Question # 2: I have noticed a wired behavior, which some of you might not believe. The issue is that when I run my Flink program in IntelliJ IDE, it shows me correct value for number_of_joined_events
but 0
in the case when I submit this program as jar
. So I am getting the initial value of number_of_joined_events
when I run the program as a jar
file instead of the actual count. Why is this happening only in case of jar
file submission and not in IDE?
Upvotes: 1
Views: 2585
Reputation: 18997
Your approach is not working. The behavior you noticed when executing the program via a JAR file is expected.
I don't know how number_of_joined_events
is defined, but I assume its a static variable in your program.
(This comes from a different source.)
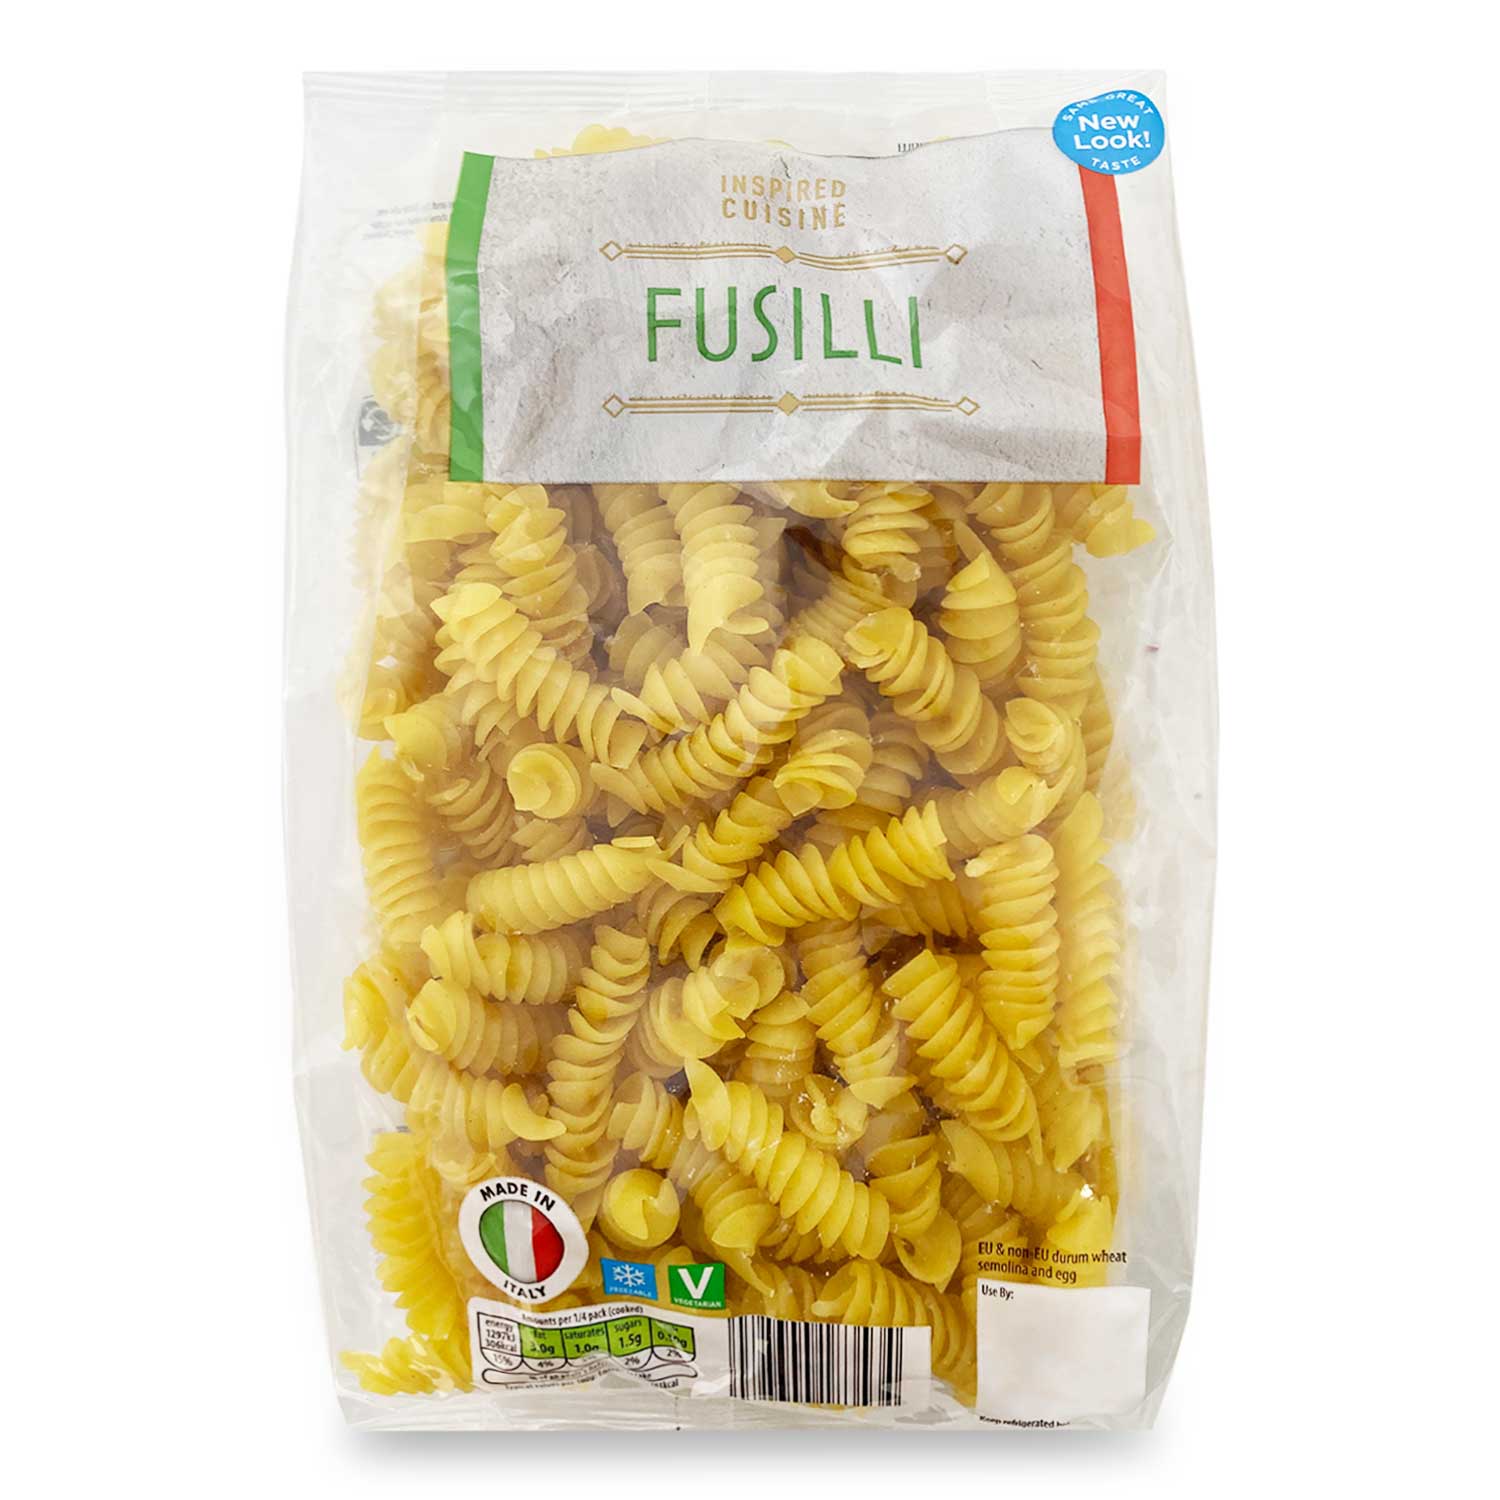 Inspired Cuisine Fusilli Pasta 500g | ALDI

When you run the program in your IDE, it runs in a single JVM. Hence, all operators have access to the static variable. When you submit a JAR file to a remote process, the program is executed in a different JVM (possibly multiple JVMs) and the static variable in your client process is never updated.
You can use Flink's metrics or a ReduceFunction
that sums 1
s to count the number of processed records.
Upvotes: 2